§ **YOUR INSTRUCTIONS**: Every line from the one holding "Pierre Cardin 7040" through the one holding "(ONU: news.un.org)" in the data below must be returned exactly, both ends included, with pictures left out and nothing else added.

Top of RECORDS FOR THE TASK

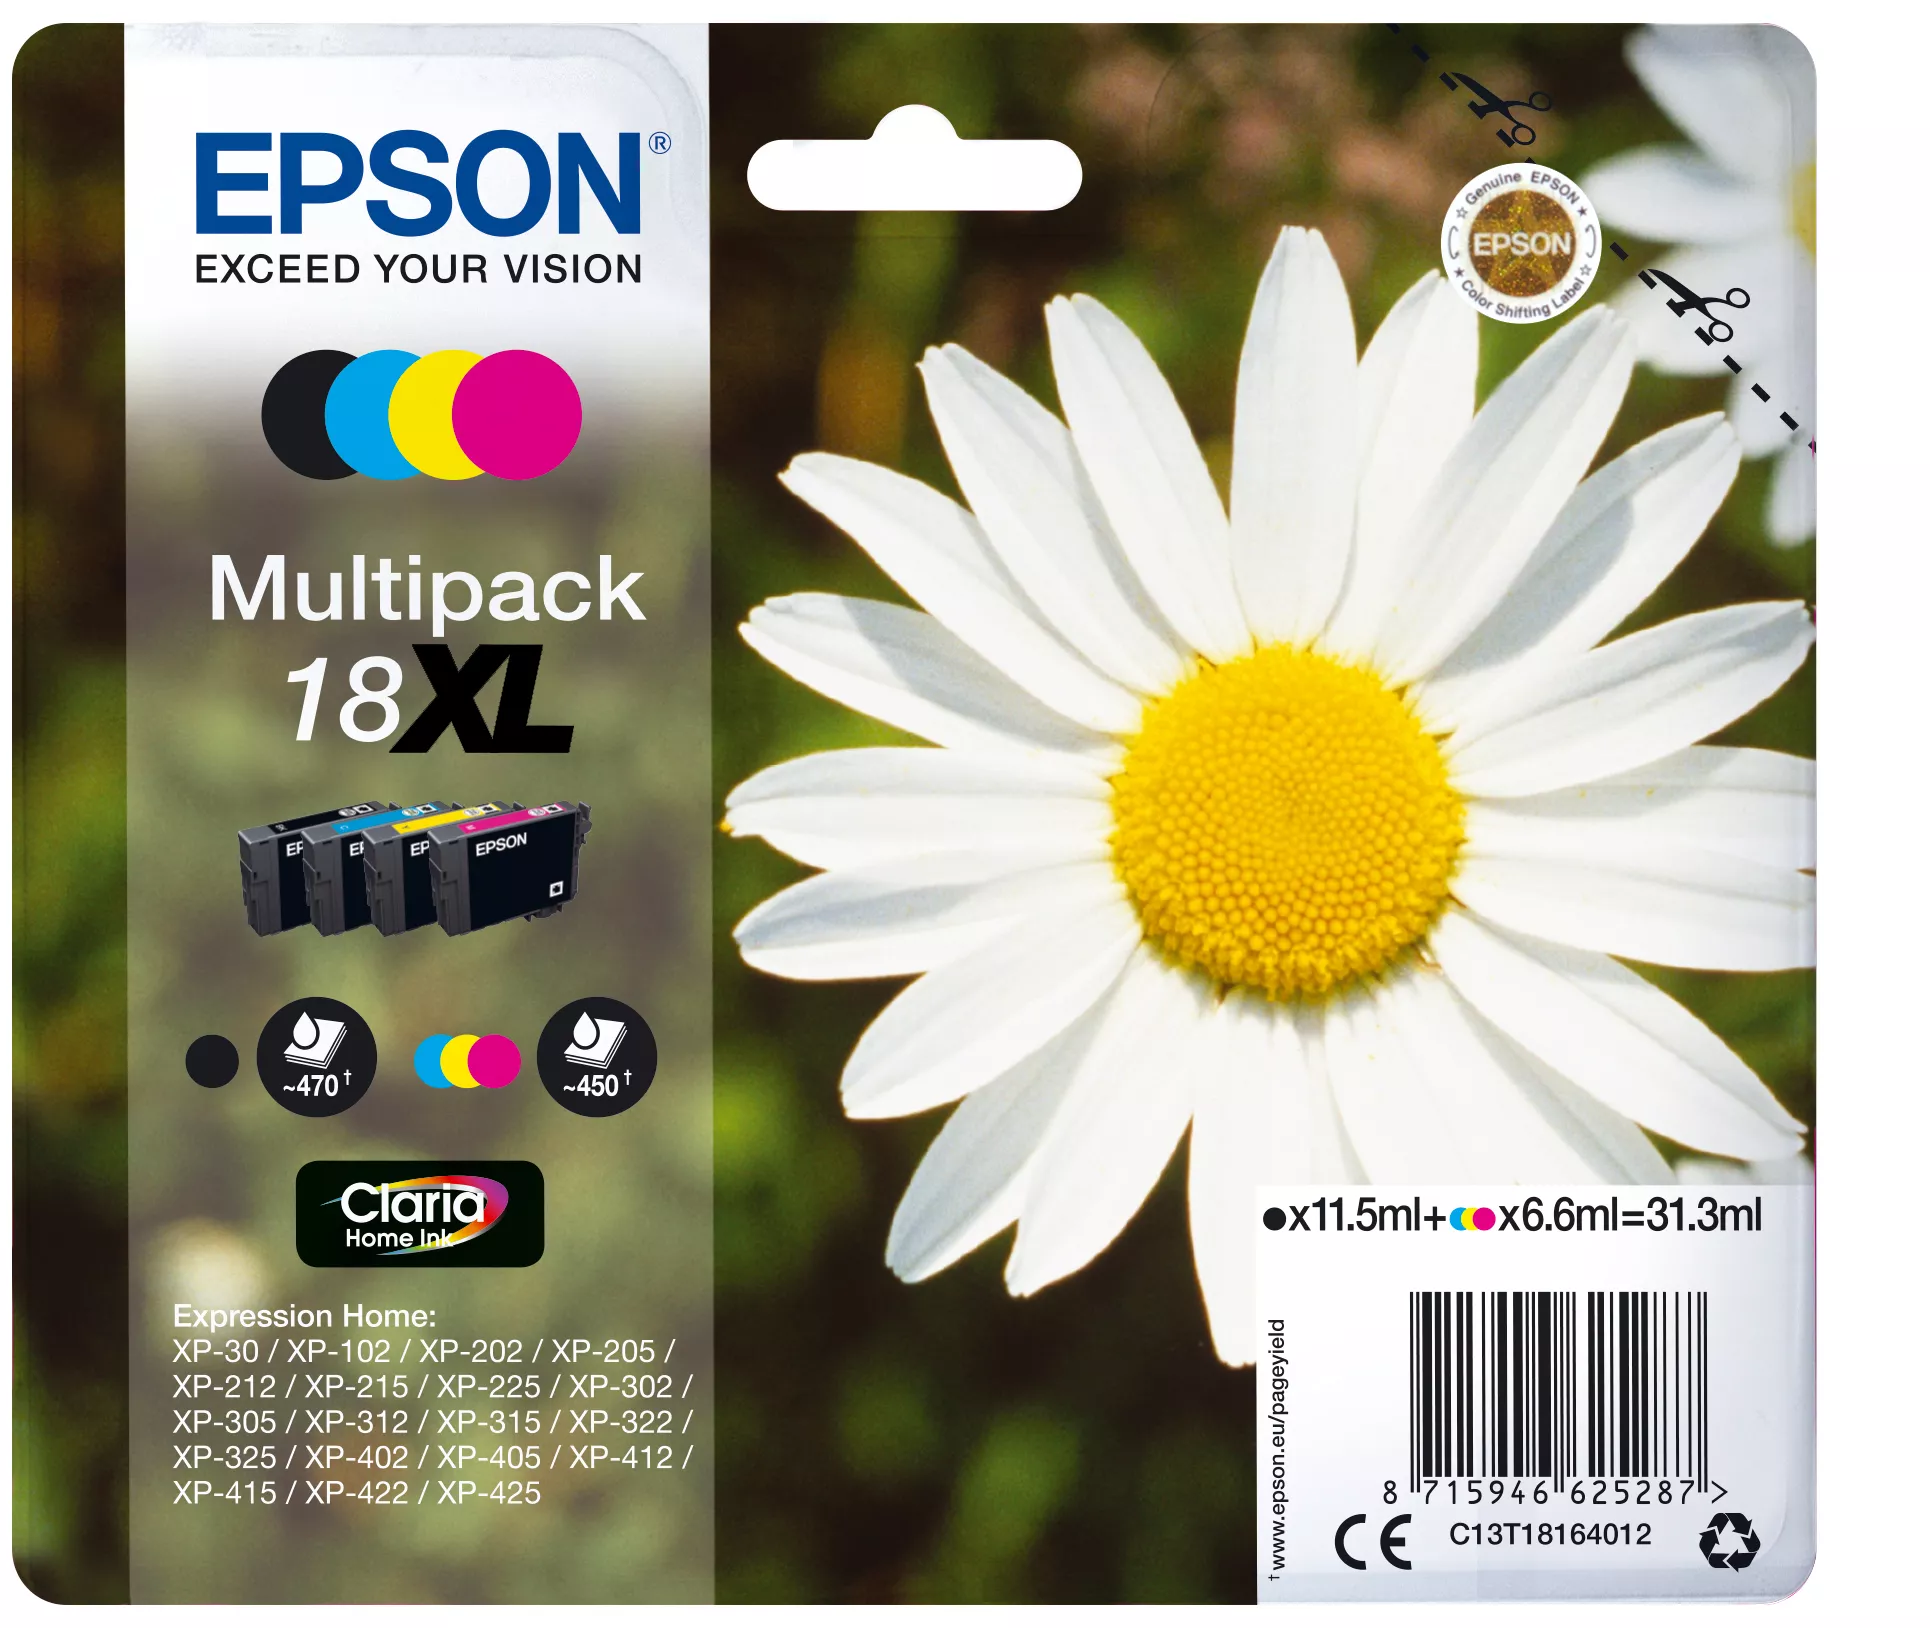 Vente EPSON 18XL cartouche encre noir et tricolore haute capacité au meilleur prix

Bottom of RECORDS FOR THE TASK
Top of RECORDS FOR THE TASK

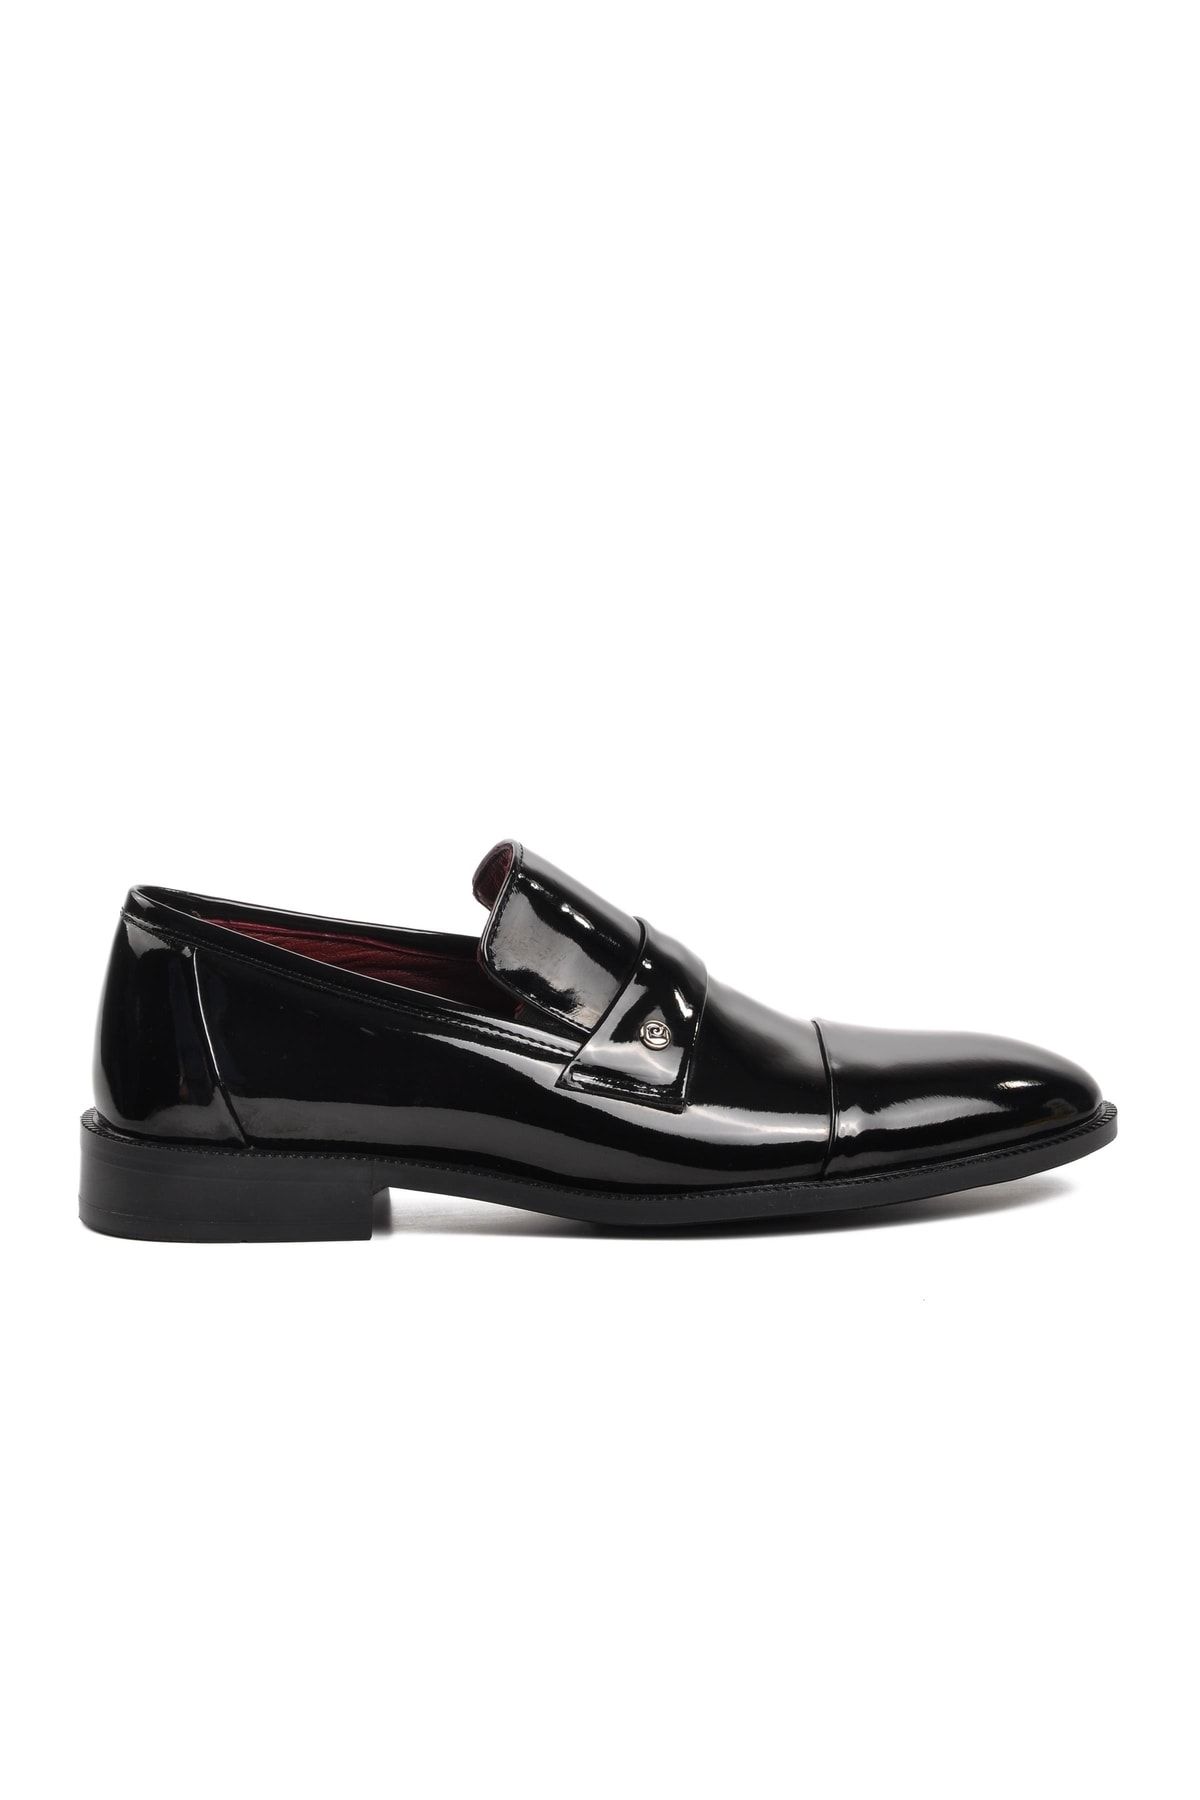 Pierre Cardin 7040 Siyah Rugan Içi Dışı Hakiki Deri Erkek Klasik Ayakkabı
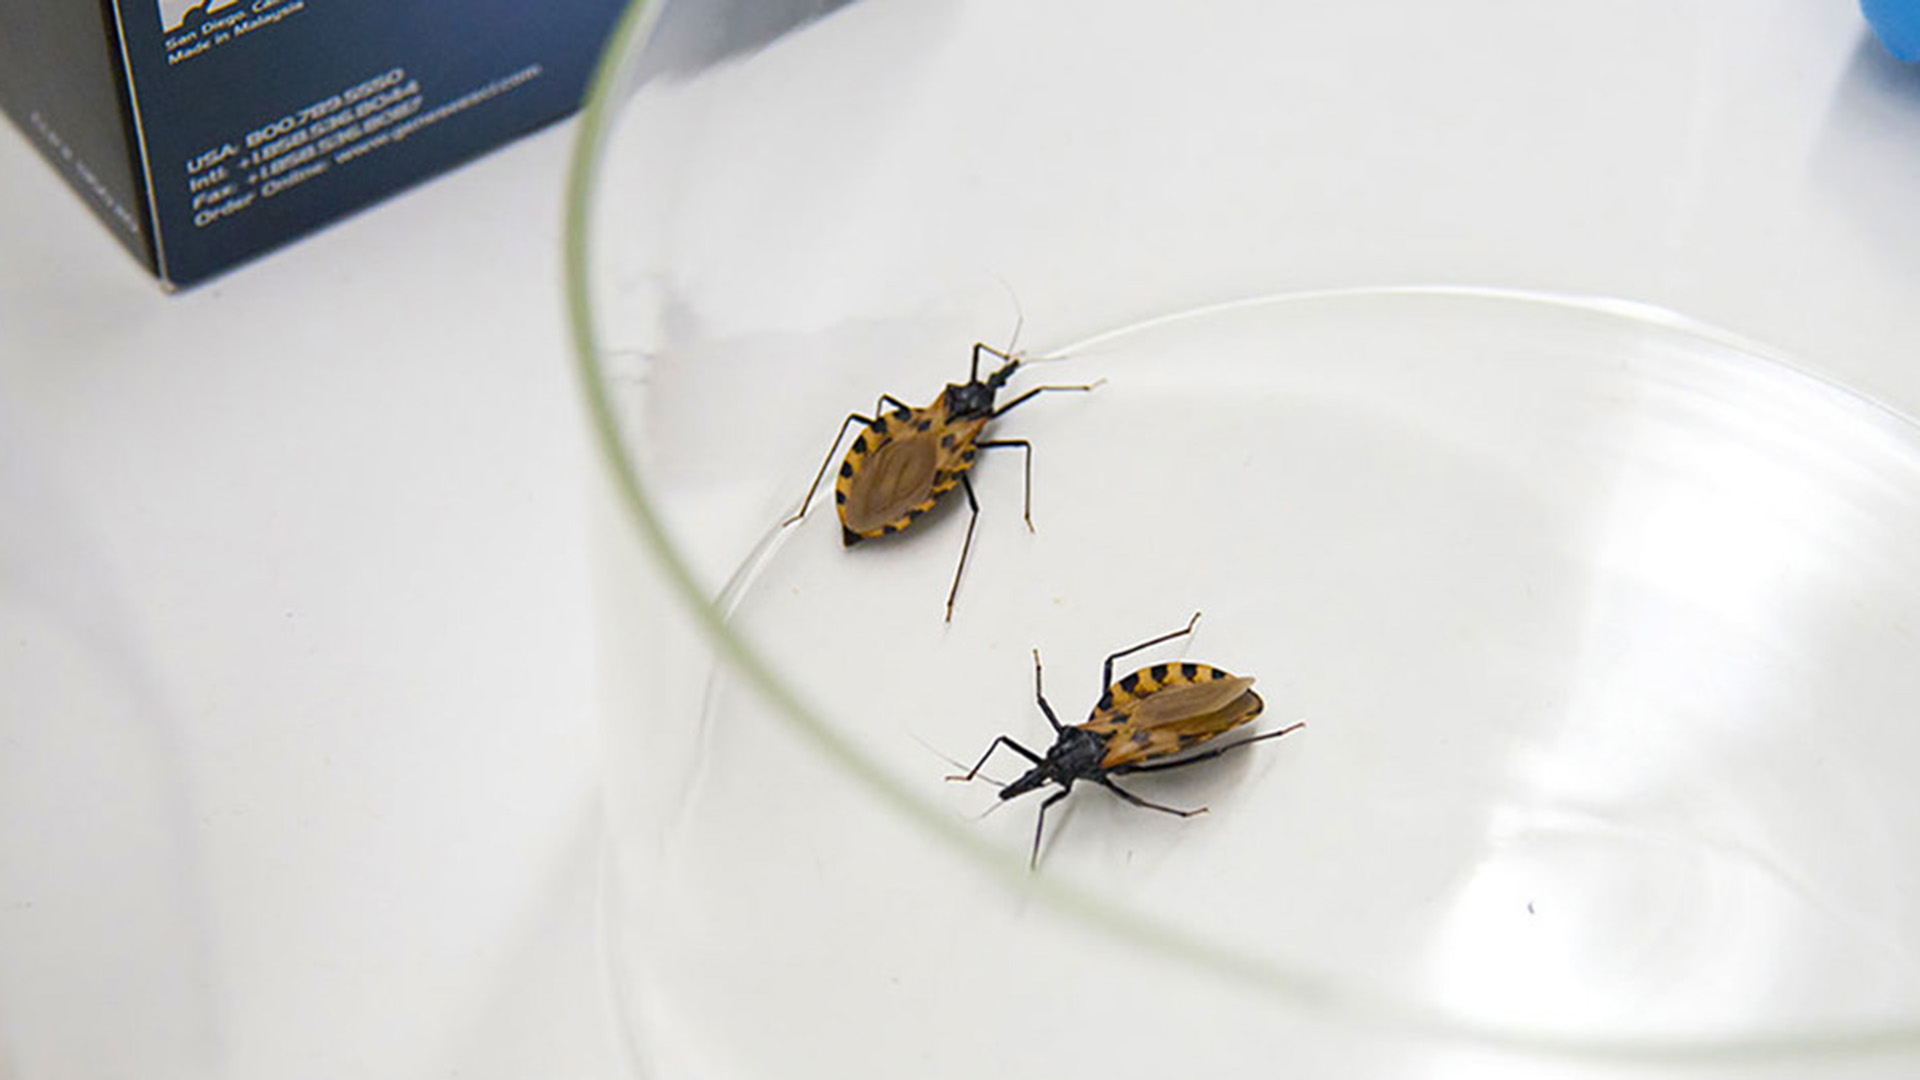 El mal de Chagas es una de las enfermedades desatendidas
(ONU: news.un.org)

Bottom of RECORDS FOR THE TASK

§ **ANSWER TO THE PROBLEM**:
 Pierre Cardin 7040 Siyah Rugan Içi Dışı Hakiki Deri Erkek Klasik Ayakkabı
 El mal de Chagas es una de las enfermedades desatendidas
(ONU: news.un.org)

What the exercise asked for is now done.